When you start a new business these days, one of the first things you want to do is establish a social media presence. Within a couple of months of opening my Etsy shop, I had business accounts on Facebook, Twitter, Pinterest, and Instagram. The latter is where I really call home. Easily 95% of my time on social media is spent on Instagram. Immediately after joining, I made a point to follow lots of vegan accounts to learn about what my target market was into. My timeline was awash with pictures of beautiful fresh fruit platters, decadent vegan burgers and pizzas, and happy healthy people, all alongside memes about animal rights and the environment. To say it was inspiring is a gross understatement.

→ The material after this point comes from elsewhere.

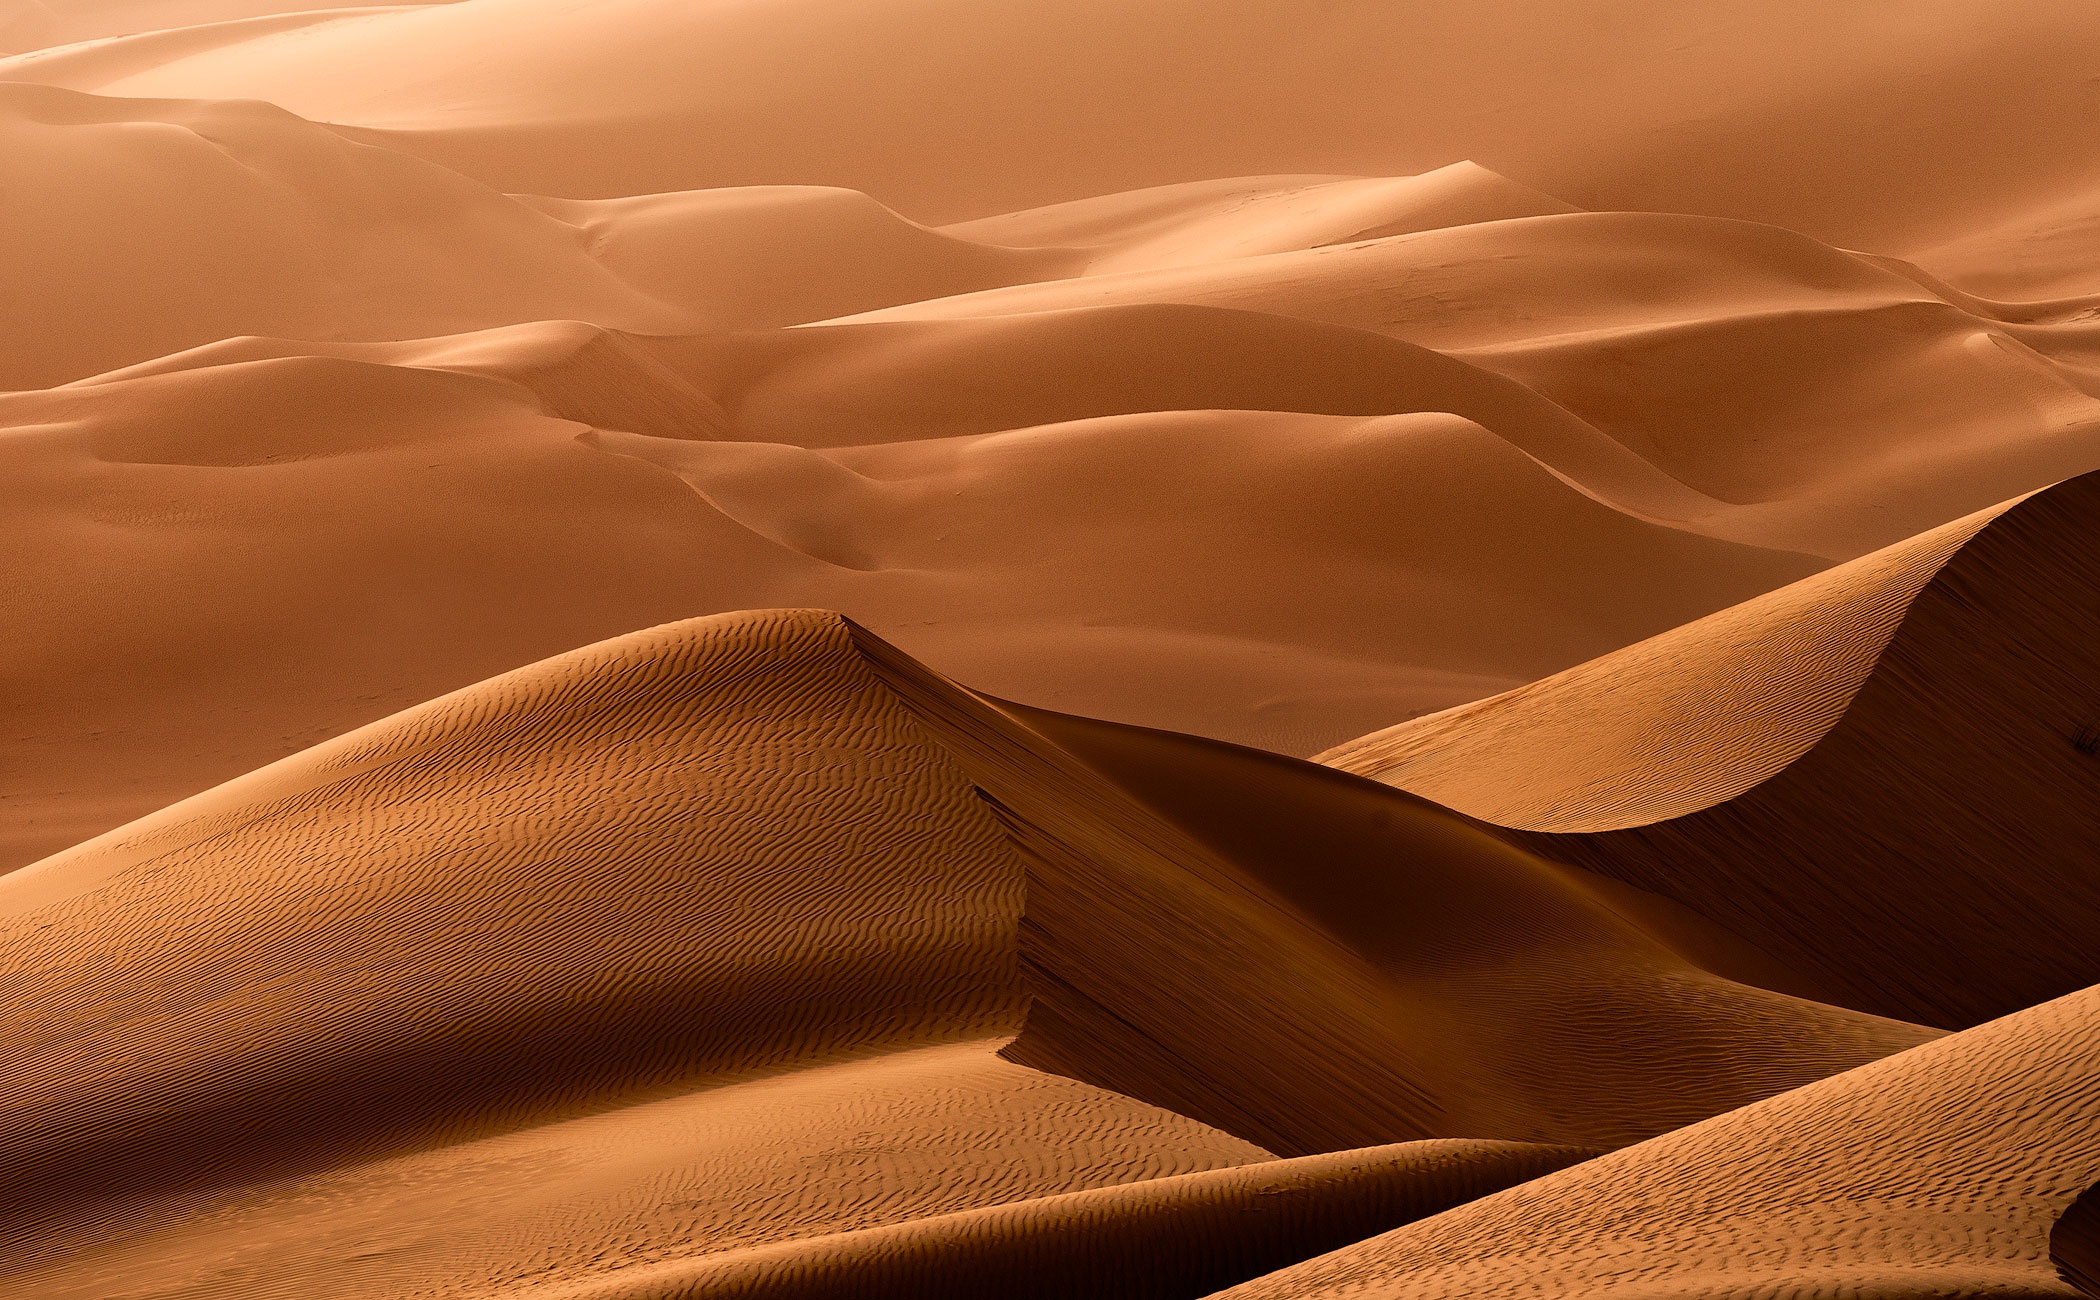 Desert Wallpaper 4k Landscape Windows 11 Nature 8616 Images

The person who eventually got me to go vegan was Freelee the Banana Girl. No doubt she is a controversial figure in the vegan community, her YouTube videos bashing celebrities initially repulsed me. To be honest, that particular tactic of spreading awareness still bothers me, but once I was able to look past that and understand the intention behind the negativity, and once I watch enough of her videos about a high-carb vegan diet, and once I watched enough of her videos about the cruelty and environmental destruction of animal agriculture, I was sold. I don’t follow her anymore, but I recognize her as the catalyst to my vegan lifestyle.
On October 13, 2014, I started a plant-based diet. For the next two months, I was committed to veganism, or at least my understanding of what veganism. I knew myself well enough to know that if I told myself I couldn’t have something, it would make me crave it all the more. I remember, when announcing to my family that I was “going vegan”, that I didn’t want to hear anything negative from them if I “wanted a cheeseburger from time to time”. That sounds insane to me now, but the point I was trying to make was that, if I felt pressure from myself or anyone else to absolutely never do something again, I’d crumble and give up entirely. I hate it, but it’s true. But for those first two months, it worked.

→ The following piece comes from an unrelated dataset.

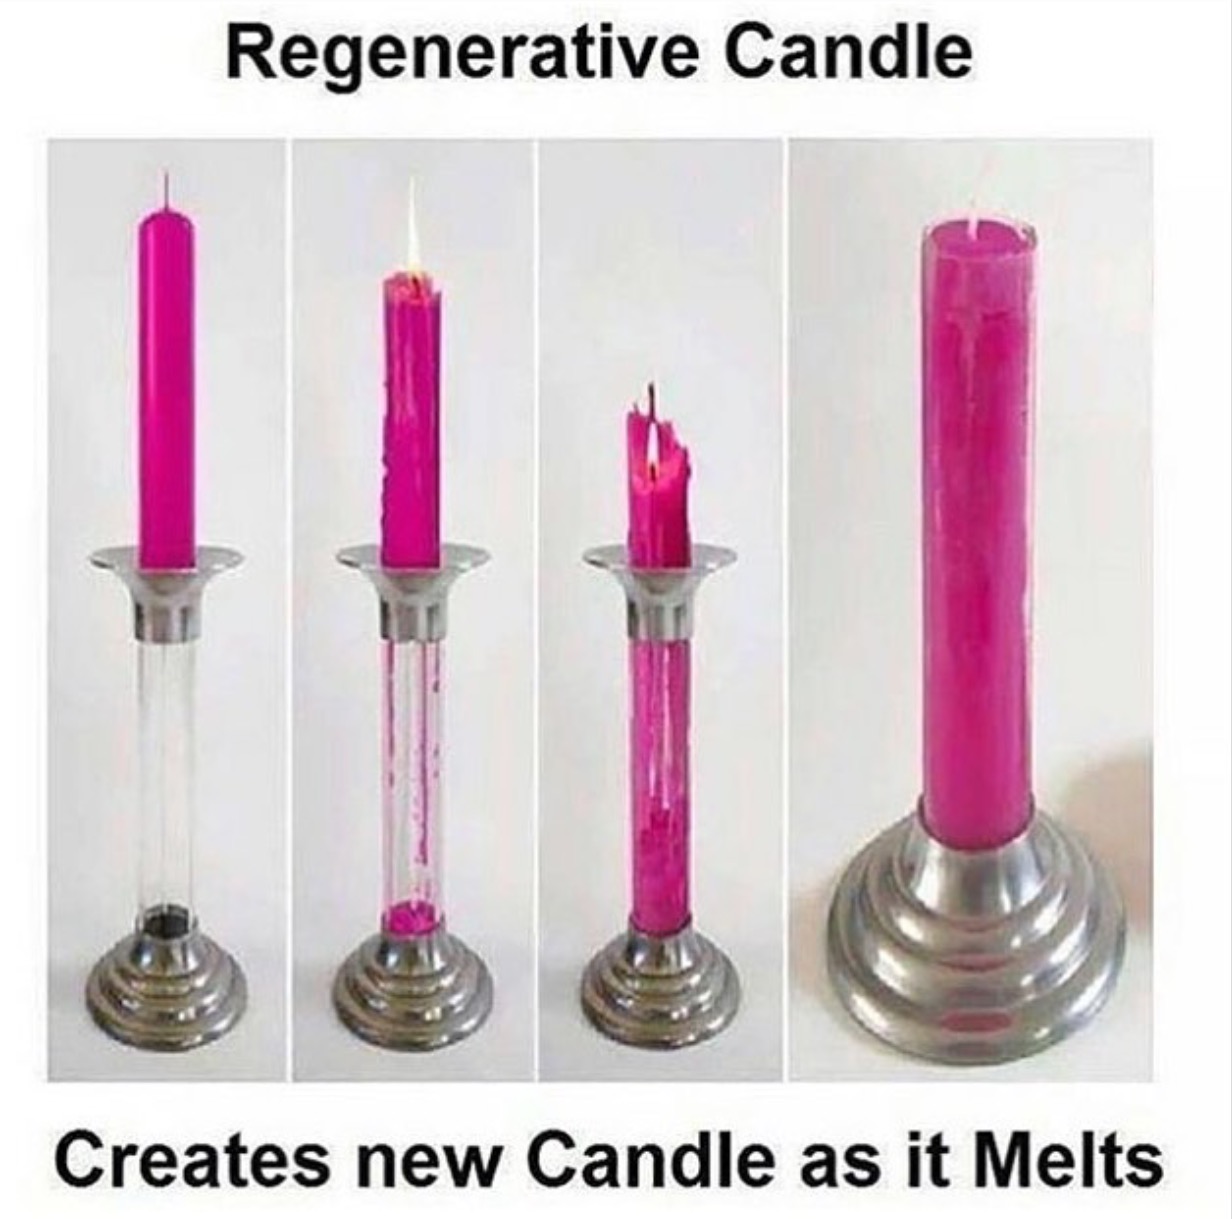 memes - regenerative candle - Regenerative Candle Creates new Candle as it Melts

I made it through Thanksgiving as a perfect little vegan, but as Christmas approached, I cracked. I thought about all of the traditional Christmas foods my family makes, and I was ridiculously sad at the thought of missing out. Then I had this brilliant idea to “take the holidays off” for one year, and allow myself a final goodbye to all of my favorite foods. Christmas, Easter, Fourth of July… one final taste. In a way, I’m glad I did this. Because it wasn’t worth it. Food doesn’t taste as good when you’ve been made aware of the cruelty involved.
I wish I could say that that’s where the story ends, but it’s not. You see, I kept eating non-vegan food. Not all the time, maybe once or twice a month. If I had a bad day, I’d have a pair of Hostess cupcakes. I remember once or twice having a really bad day and ordering a Wendy’s Baconator and cheese fries. I hated myself for it. I couldn’t understand what possessed me to do it. Then I’d get depressed. And then I’d get a Frosty.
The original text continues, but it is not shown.